DIP Documents Clause Samples

DIP Documents. The Second Lien DIP Facility will be documented by a note purchase agreement (the “Note Purchase Agreement”) and other guarantee, security, intercreditor, and other relevant documentation (together with the Note Purchase Agreement, collectively, the “DIP Documents”) reflecting the terms and provisions set forth in this Term Sheet and otherwise in form and substance reasonably satisfactory to the Required Commitment Parties and the Issuers; provided, however, that such DIP Documents will be drafted in form and substance consistent with the documents governing the EFIH First Lien DIP Financing (the “First Lien DIP Documents”), with adjustments made to reflect this Term Sheet. It is agreed that each “basket” or “cushion” set forth in the covenants and events of default contained in the DIP Documents shall be at least 15% more than the corresponding provision in the First Lien DIP Documents. Transferability of Participation Rights Subject to compliance with all applicable securities laws, unless otherwise agreed by the Issuers, the Participation Rights will only be transferable to affiliates of Second Lien DIP Facility Rights Holders and Selected Partners; provided, however, the Participation Rights may not be transferred, and any such transfer shall be null and void ab initio if, assuming the Restructuring Transactions were to be consummated immediately upon such Transfer, the transferee and/or its affiliates of such transfer were to obtain or have beneficial ownership of, in the aggregate, more than fifty percent (50%) or more of the Reorganized EFH Common Stock. Notwithstanding anything to the contrary herein, the Holders of EFIH Senior Toggle Notes shall not transfer such EFIH Senior Toggle Notes apart from the Pro Rata share of the Participation Rights attributable to such EFIH Senior Toggle Notes to any party other than affiliates or Selected Partners, and any such transfer shall be retroactively void. For the avoidance of doubt, any transferee of the Participation Rights described above shall execute a joinder to the Restructuring Support Agreement and Conversion Agreement as a precondition to any transfer described above becoming effective.

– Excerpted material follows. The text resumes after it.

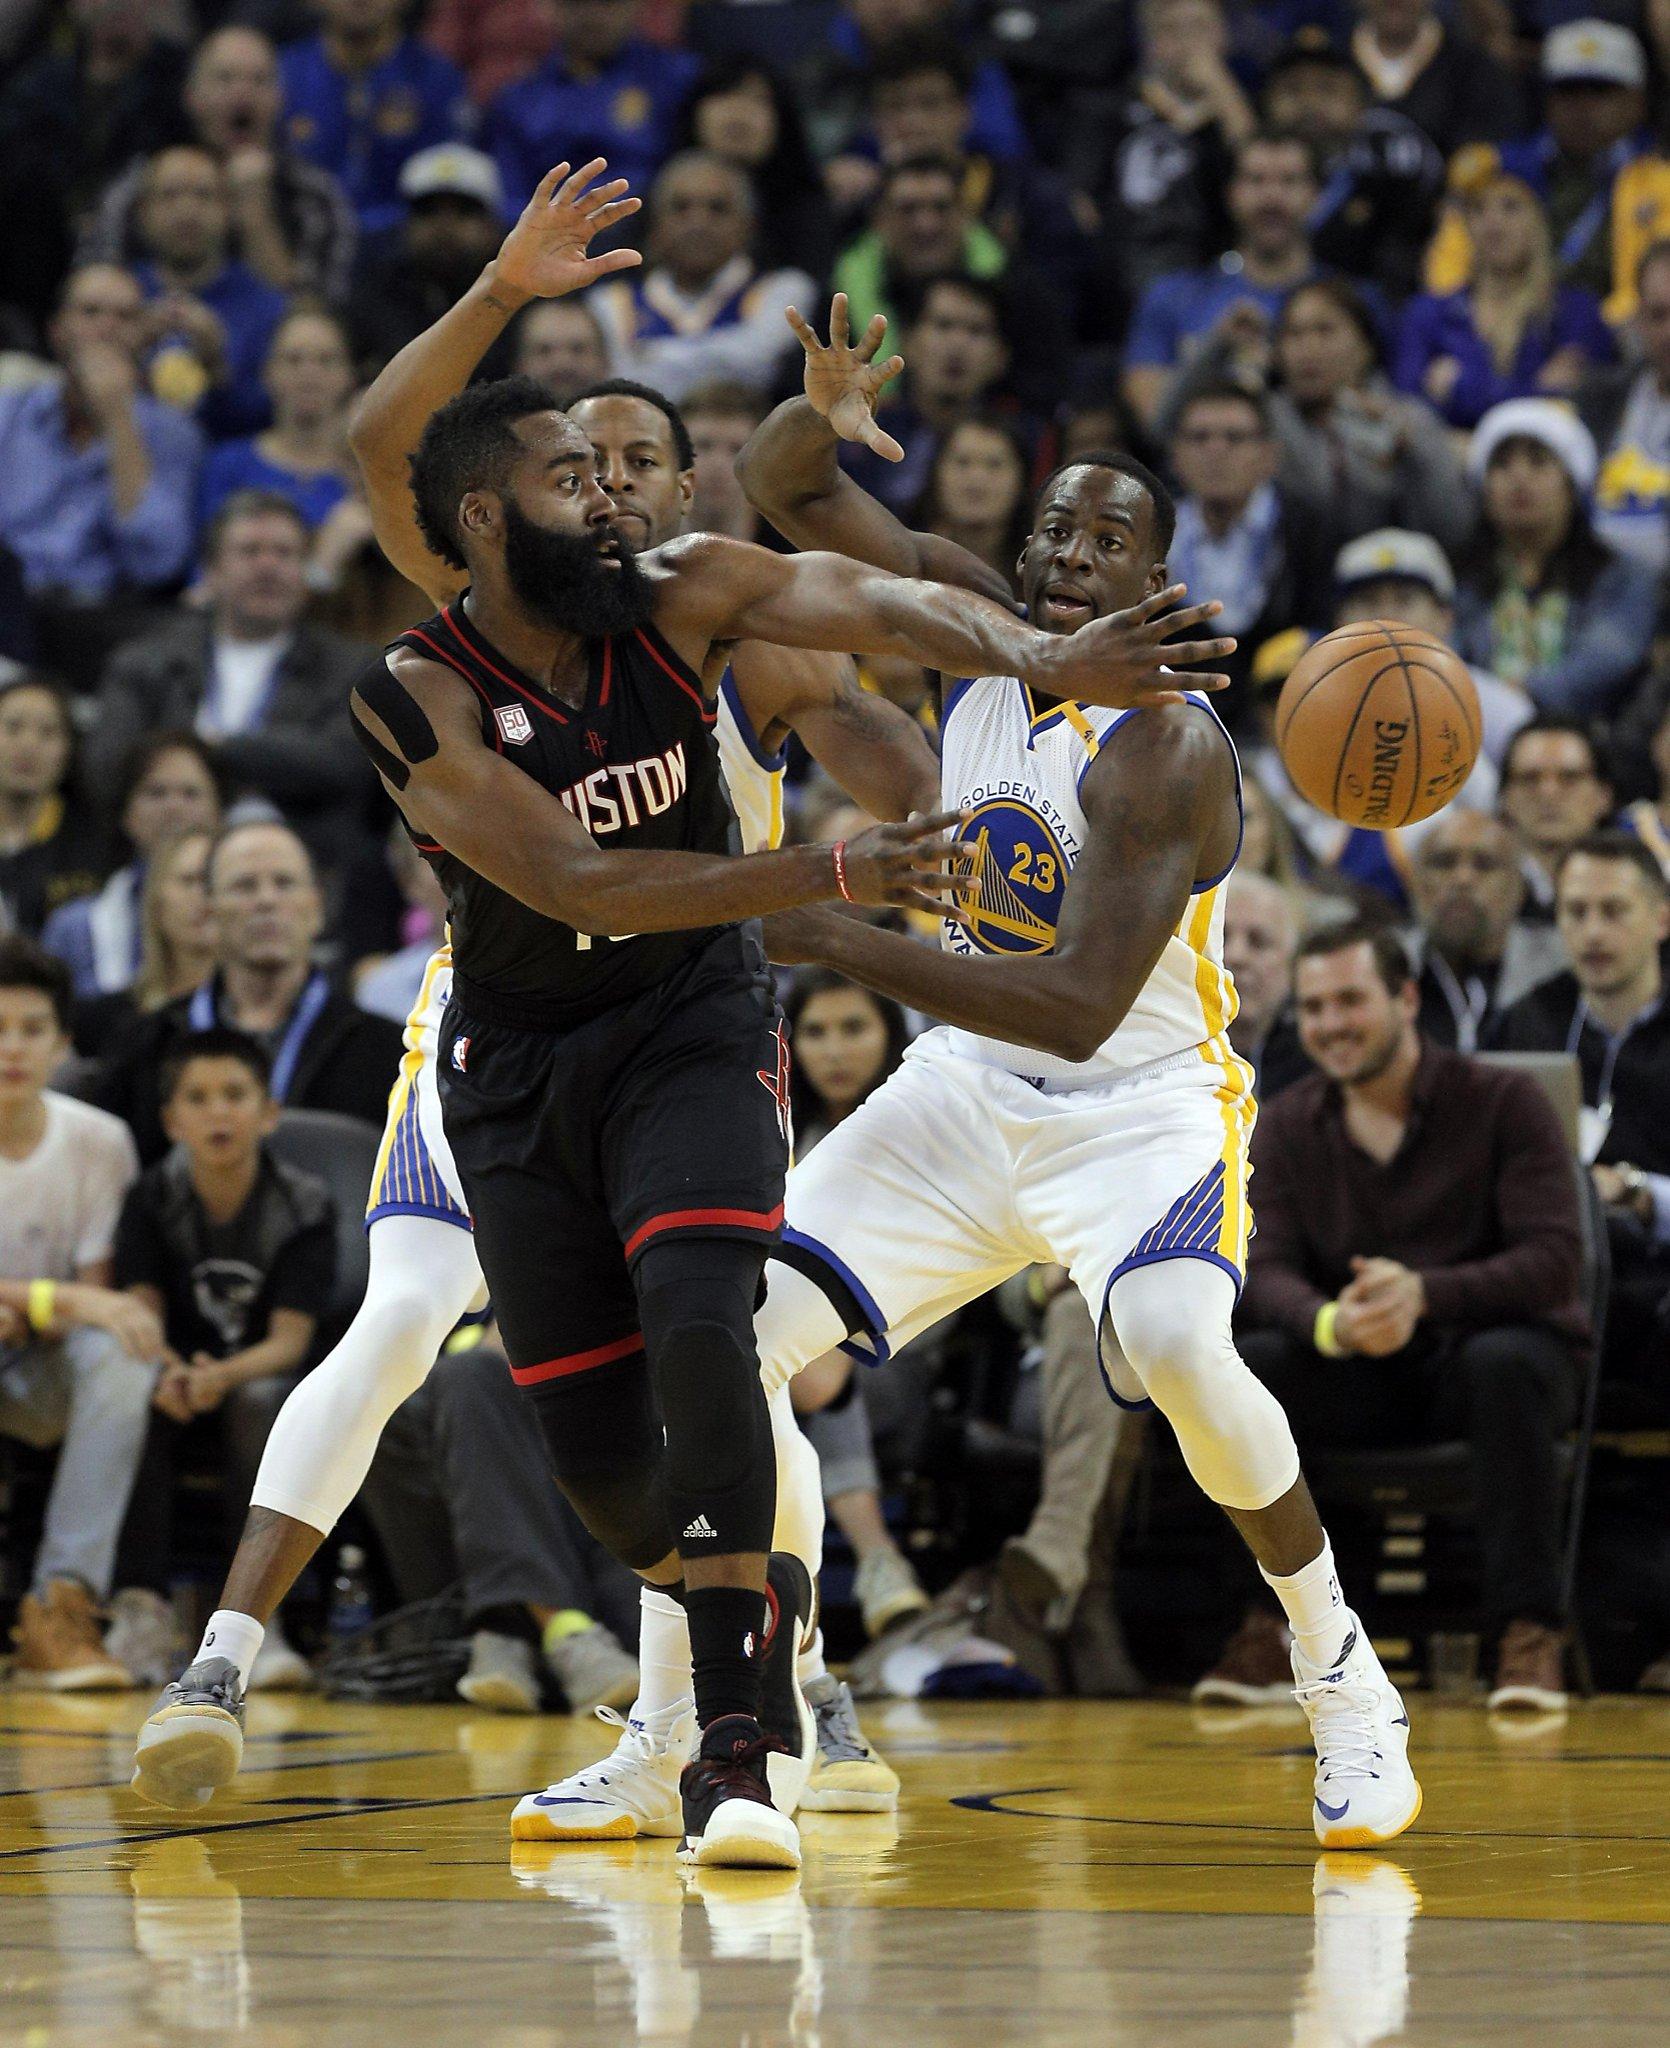 Rockets Vs Warriors James Harden: Rockets Overcome Warriors In 2-OT Thriller

DIP Documents. The commitments under the DIP Documents shall have been terminated, and all loans thereunder, together with interest thereon, and all other amounts owing pursuant to the DIP Documents, shall have been repaid in full, and with respect to letters of credit issued under the DIP Documents, provisions shall have been made for the payment of reimbursement obligations by cash-collateralization or the issuance of replacement Letters of Credit in accordance with the terms thereof, and the DIP Documents shall have been terminated and be of no further force and effect. The Agent and the Banks shall have received evidence in form, scope and substance satisfactory to the Agent that the matters set forth in this Section 5.1(q) have been satisfied at such time.